**To do:**
I'd ask you to write out the lines below exactly, with no images.

**Dataset section:**
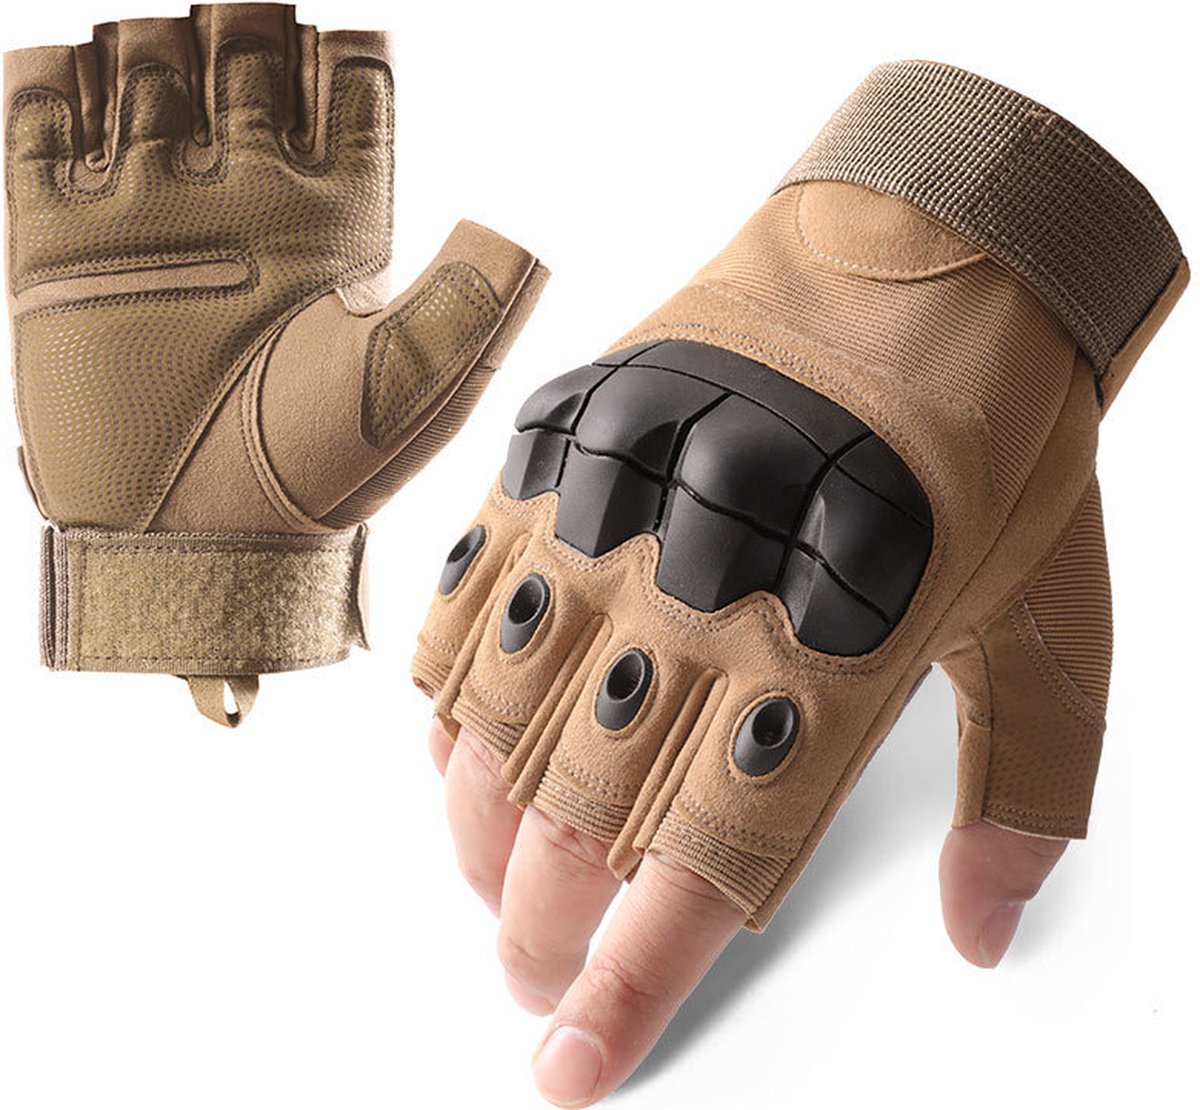 Nixnix - Zomer Vingerloze Motorhandschoenen - Sand - Harde Knokkels - Hand Handschoenen - Training handschoenen - Sport handschoenen
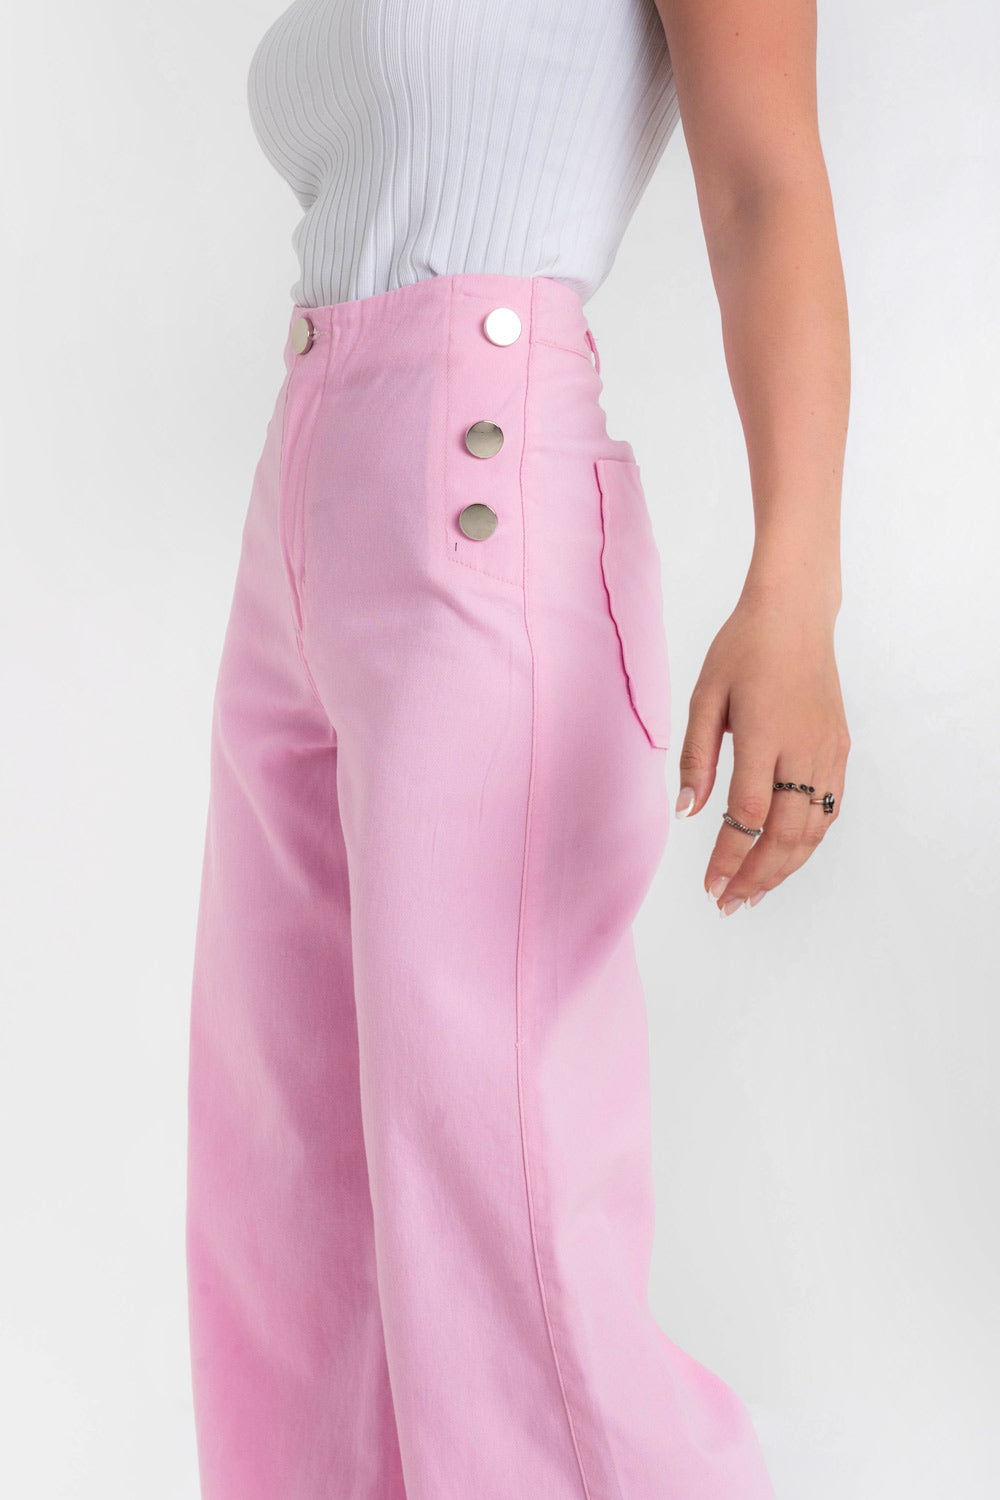 Pantalón ajustado de fit culotte, cintura alta, botones marineros decorativos en contraste y bolsillos posteriores de parche. Cierre frontal con botón en contraste y cremallera oculta.
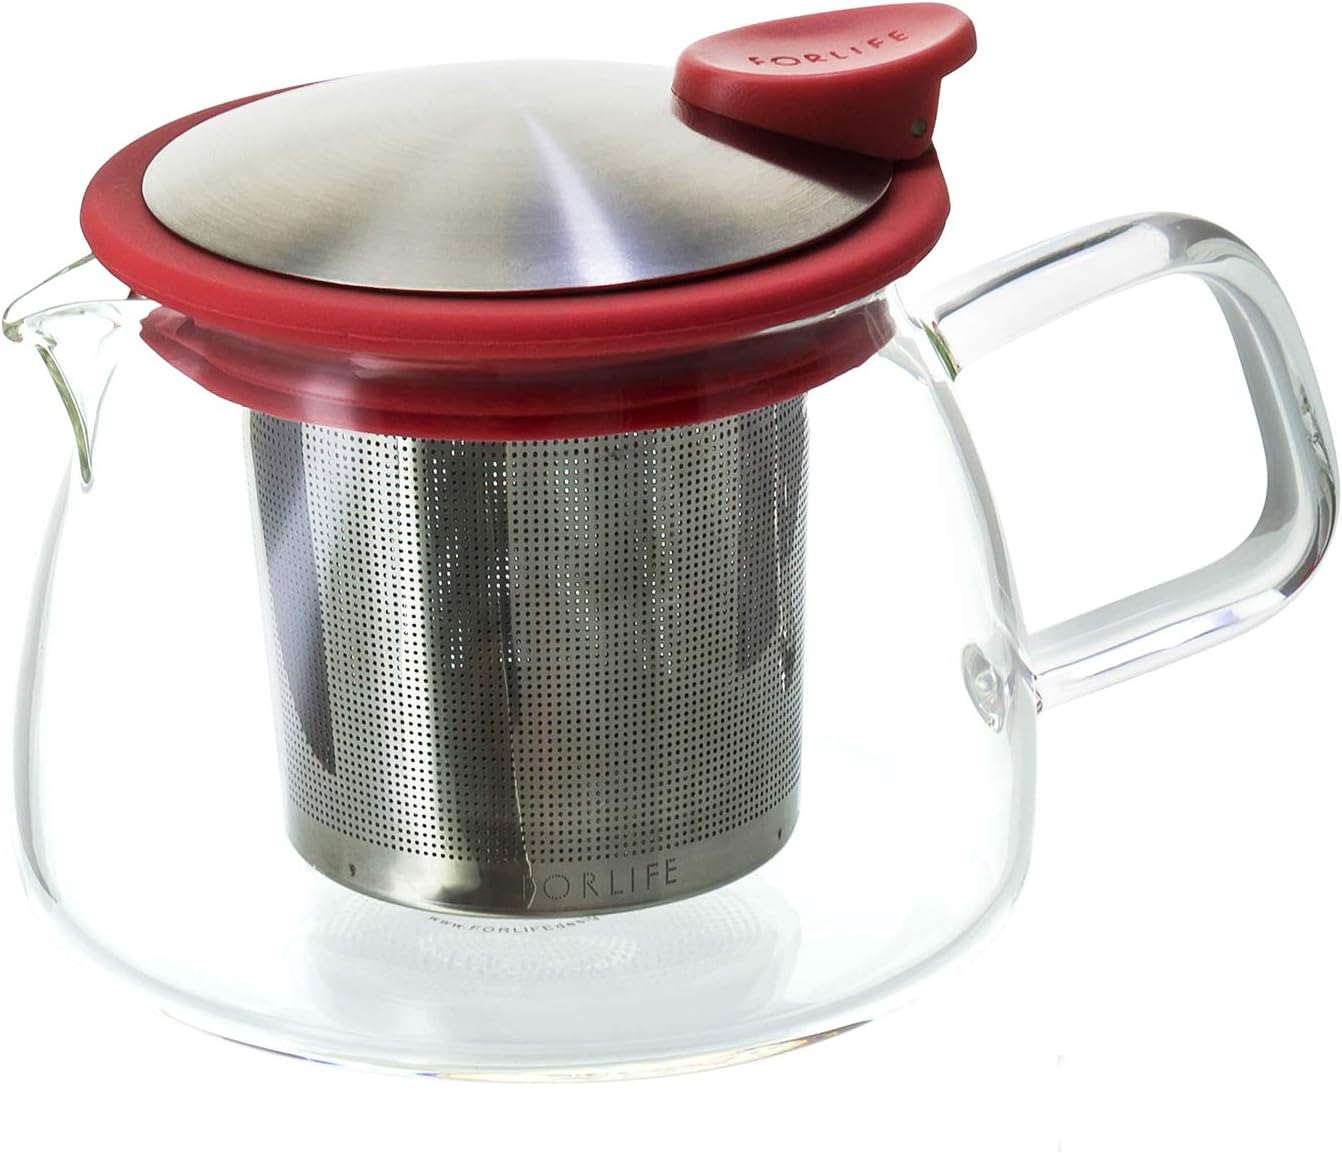 430ml Forlife Bell Glass Teapot - RED
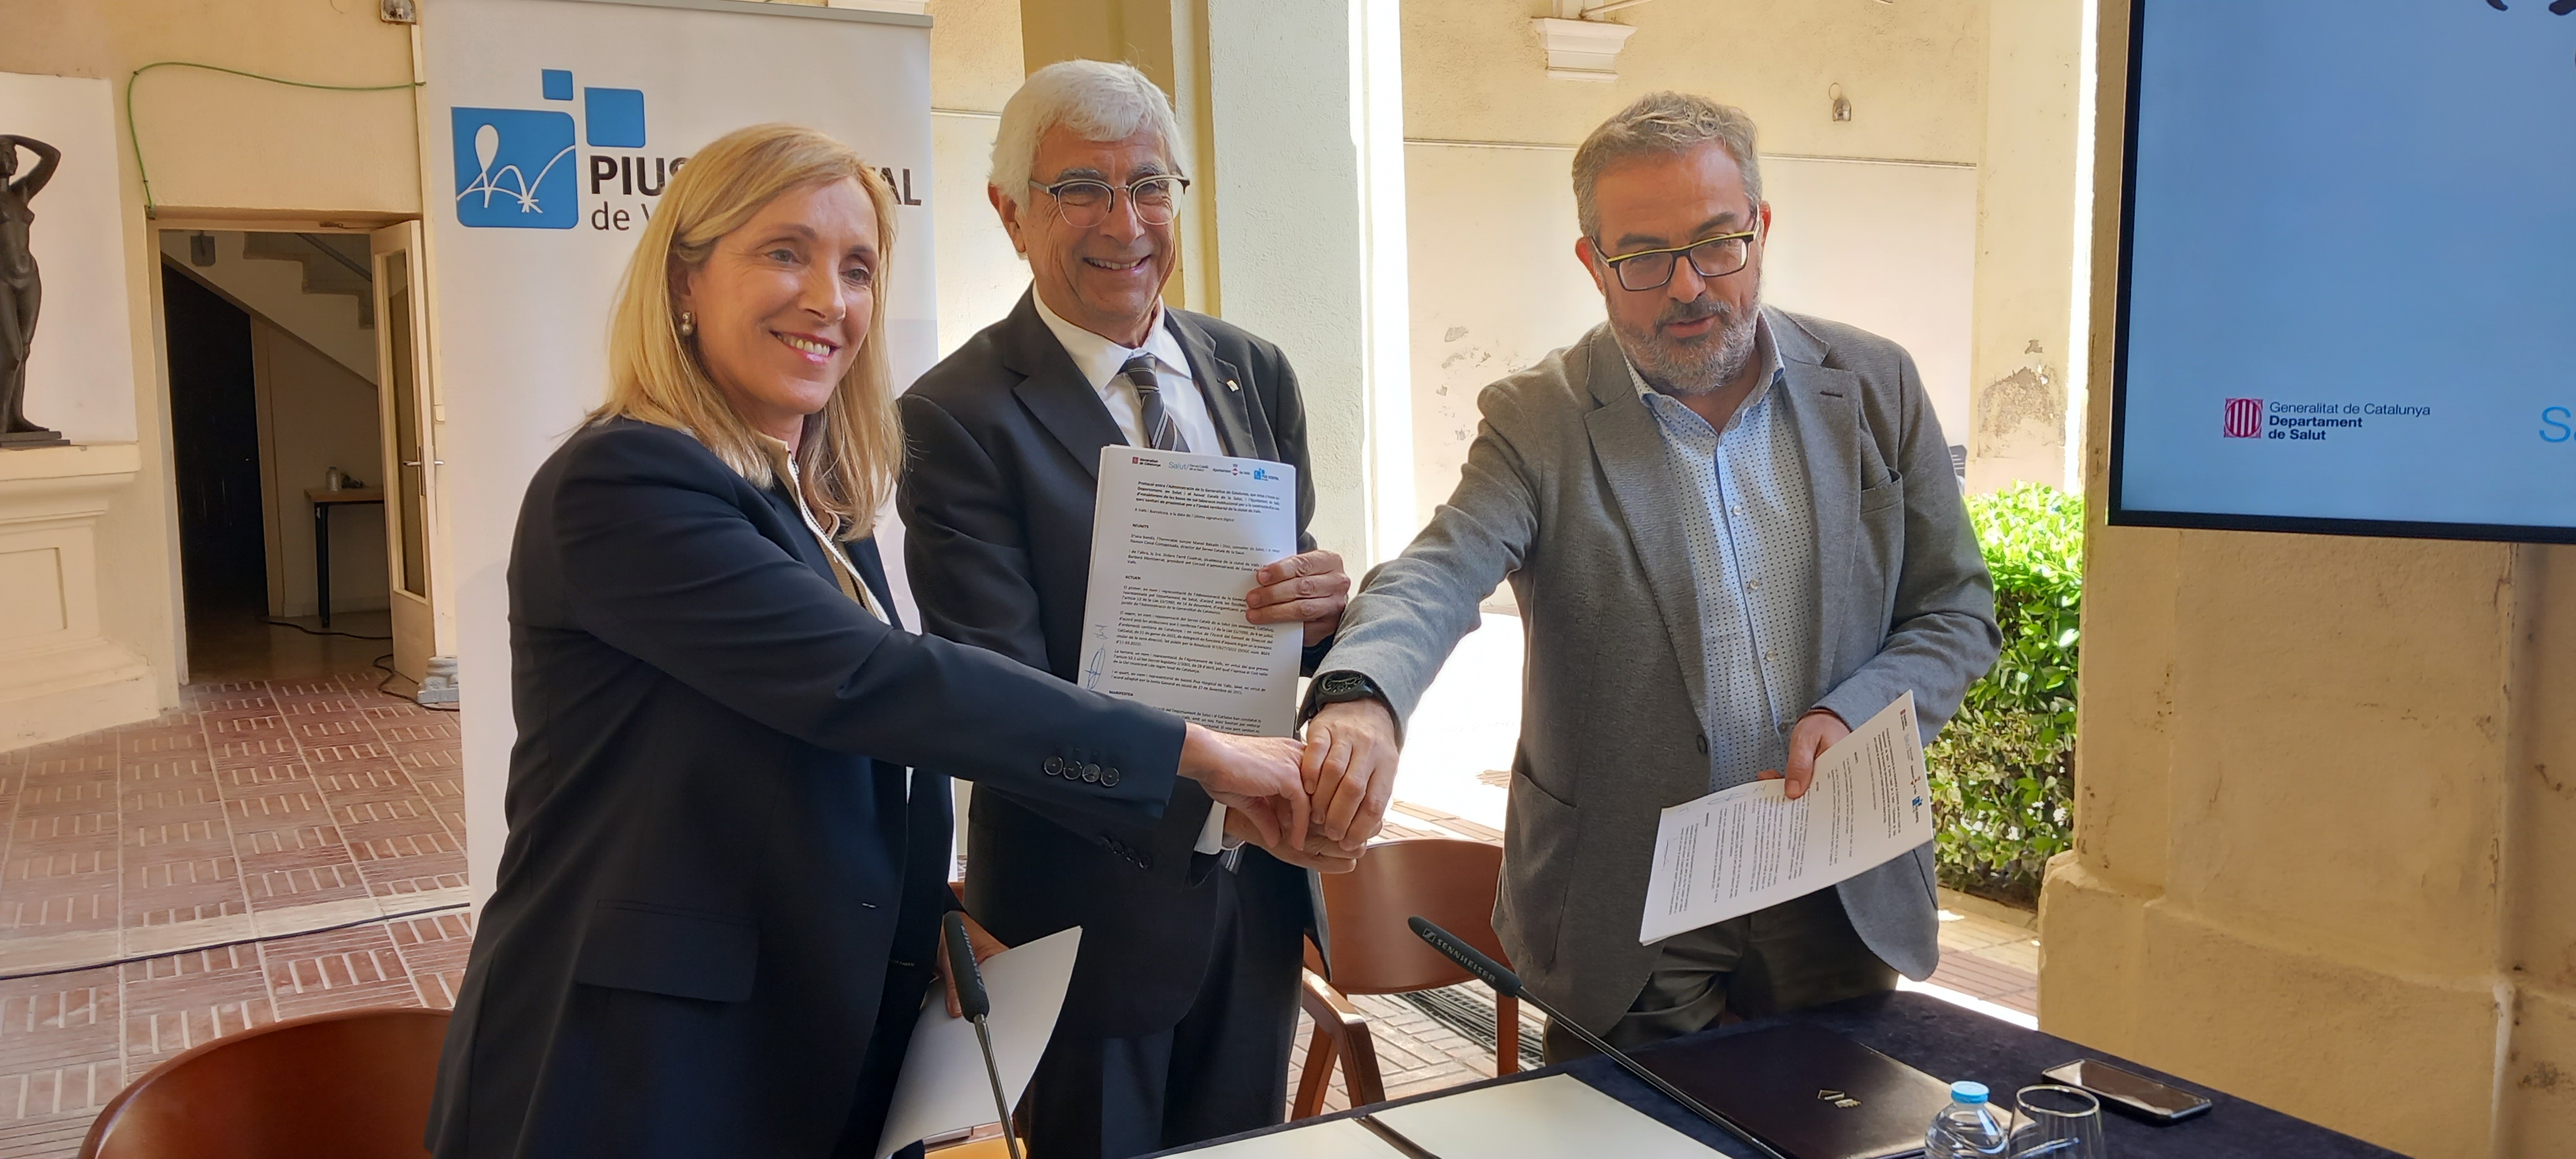 Govern i Valls signen el conveni per a la construcció d’un parc sanitari

**Completed exercise:**
 Nixnix - Zomer Vingerloze Motorhandschoenen - Sand - Harde Knokkels - Hand Handschoenen - Training handschoenen - Sport handschoenen
 Pantalón ajustado de fit culotte, cintura alta, botones marineros decorativos en contraste y bolsillos posteriores de parche. Cierre frontal con botón en contraste y cremallera oculta.
 430ml Forlife Bell Glass Teapot - RED
 Govern i Valls signen el conveni per a la construcció d’un parc sanitari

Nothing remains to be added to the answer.